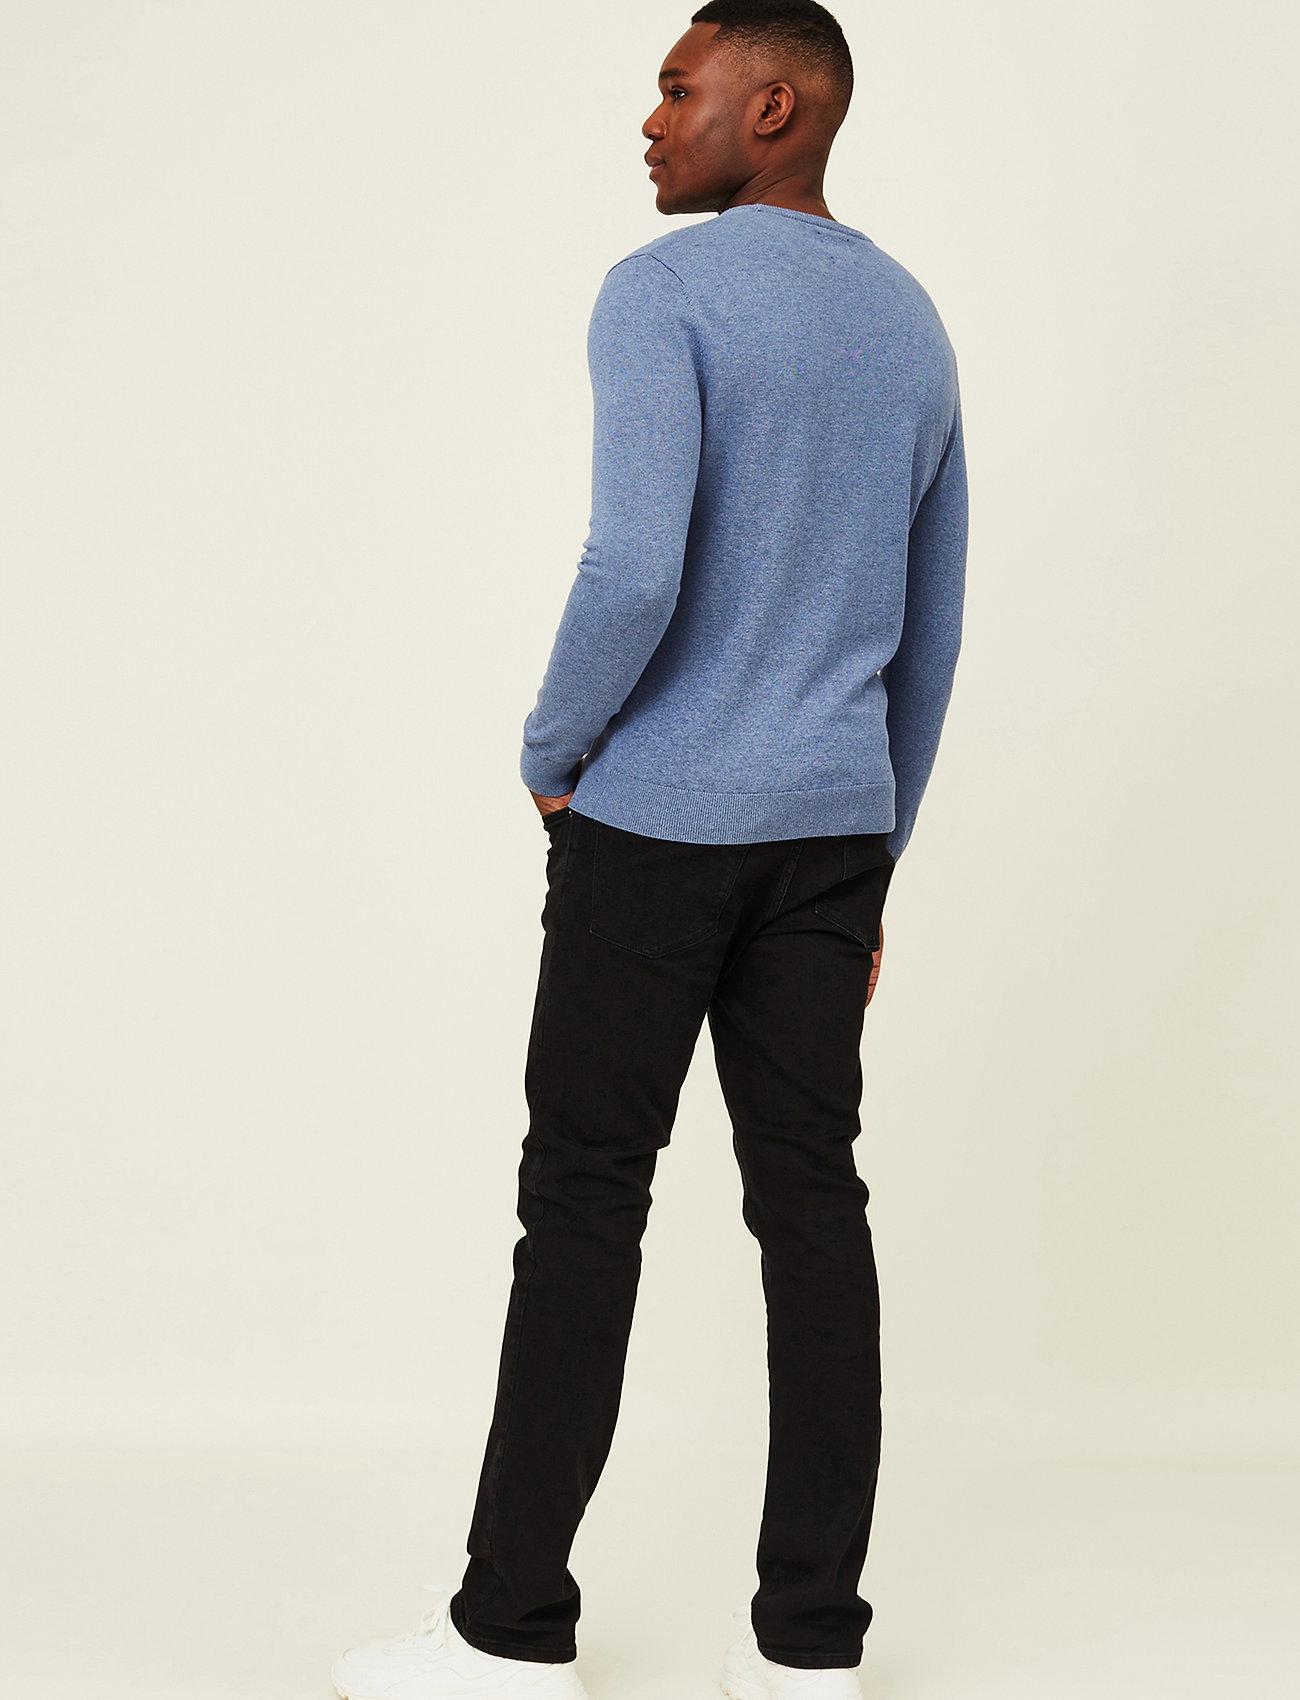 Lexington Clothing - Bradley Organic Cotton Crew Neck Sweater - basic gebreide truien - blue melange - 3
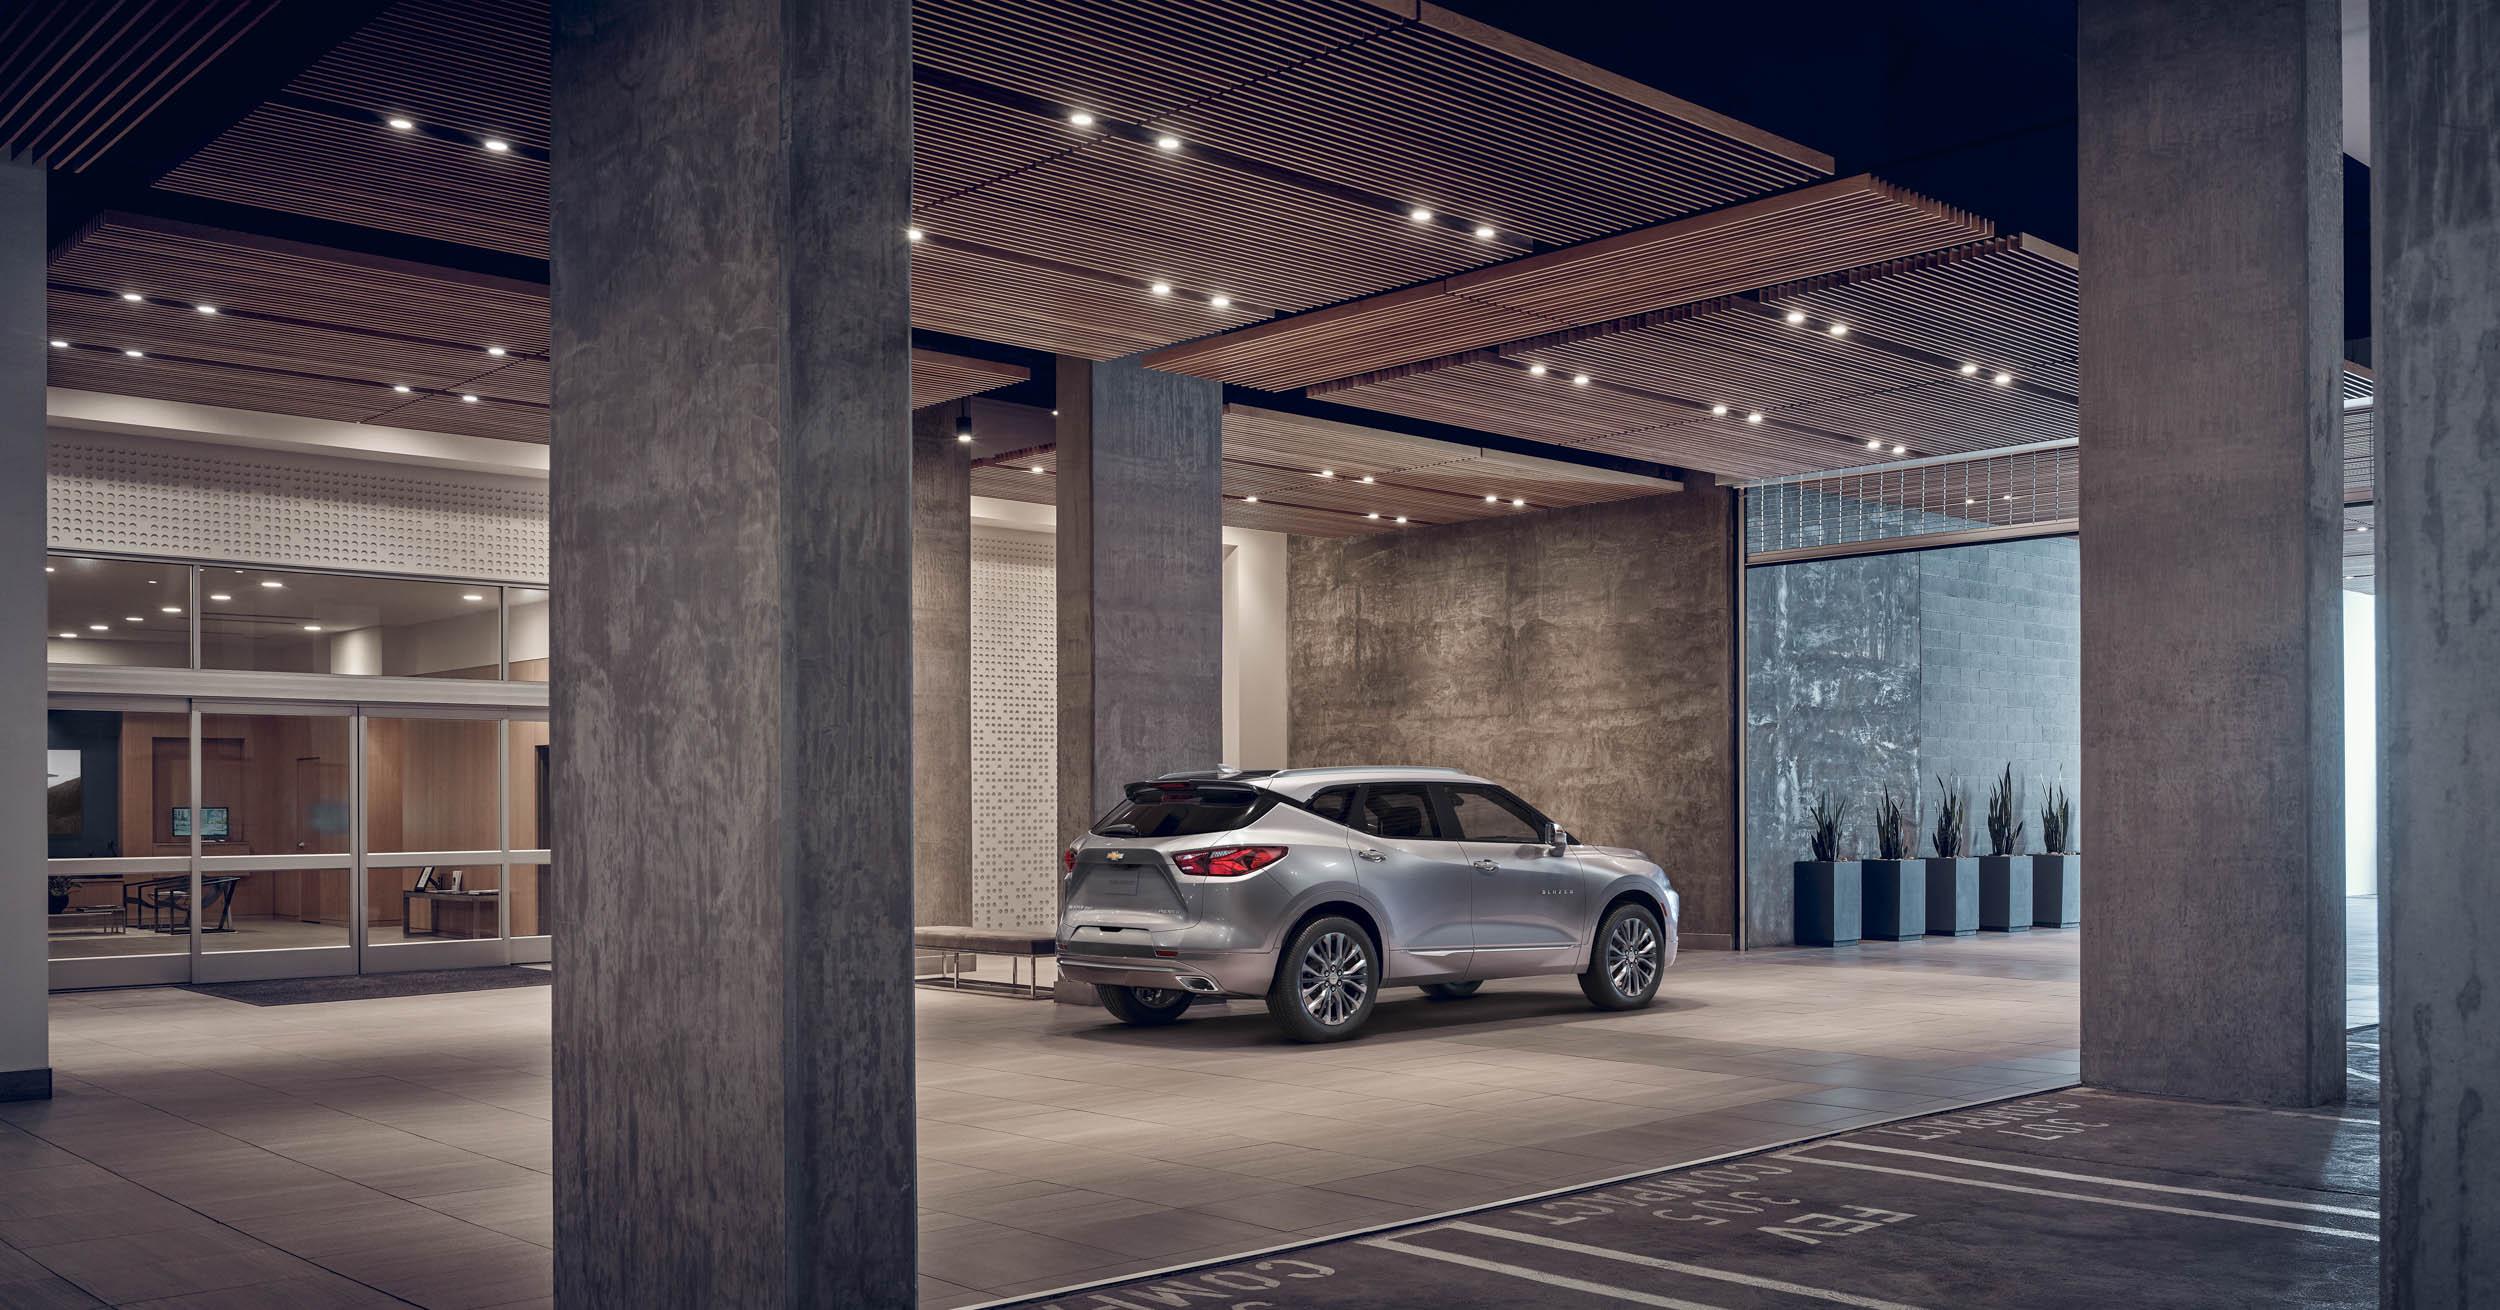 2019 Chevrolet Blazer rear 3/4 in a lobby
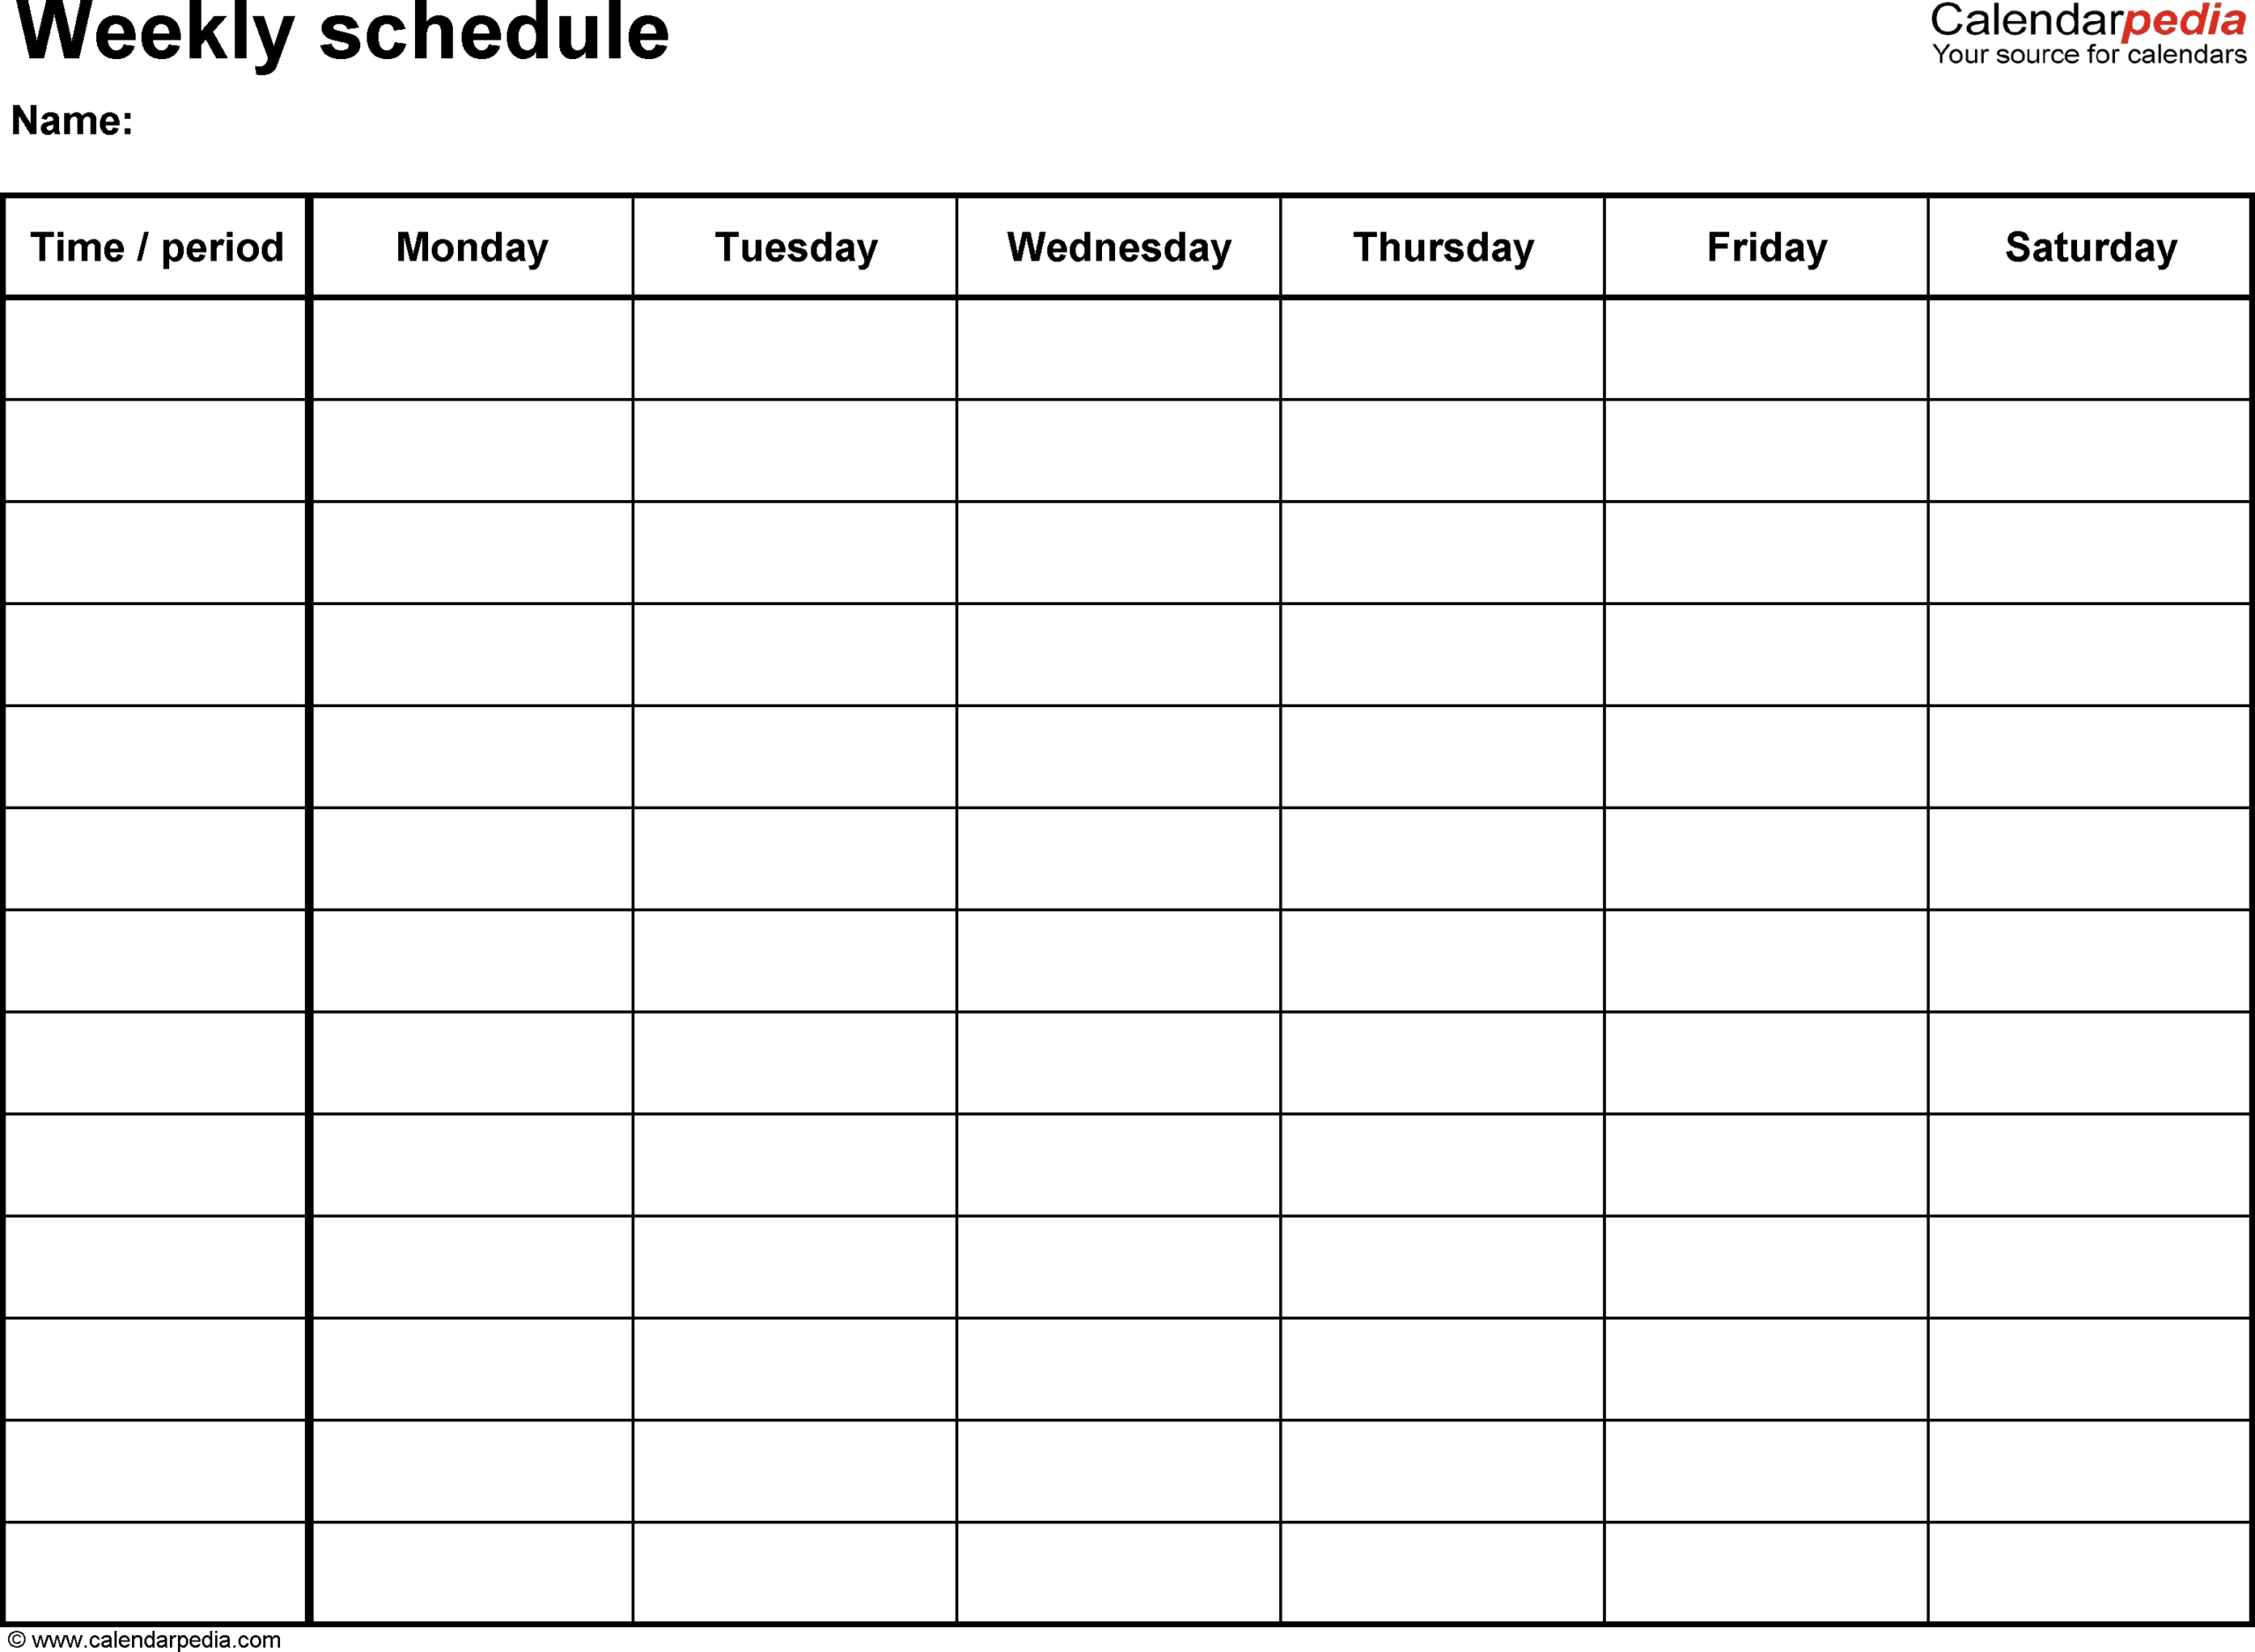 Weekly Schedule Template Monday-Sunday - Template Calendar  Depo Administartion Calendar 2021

..............................

What you have to do: Repeat the listing above in full, exactly, and omit its pictures.

Output below:
 Lexington Clothing - Bradley Organic Cotton Crew Neck Sweater - basic gebreide truien - blue melange - 3
 2019 Chevrolet Blazer rear 3/4 in a lobby
 Weekly Schedule Template Monday-Sunday - Template Calendar  Depo Administartion Calendar 2021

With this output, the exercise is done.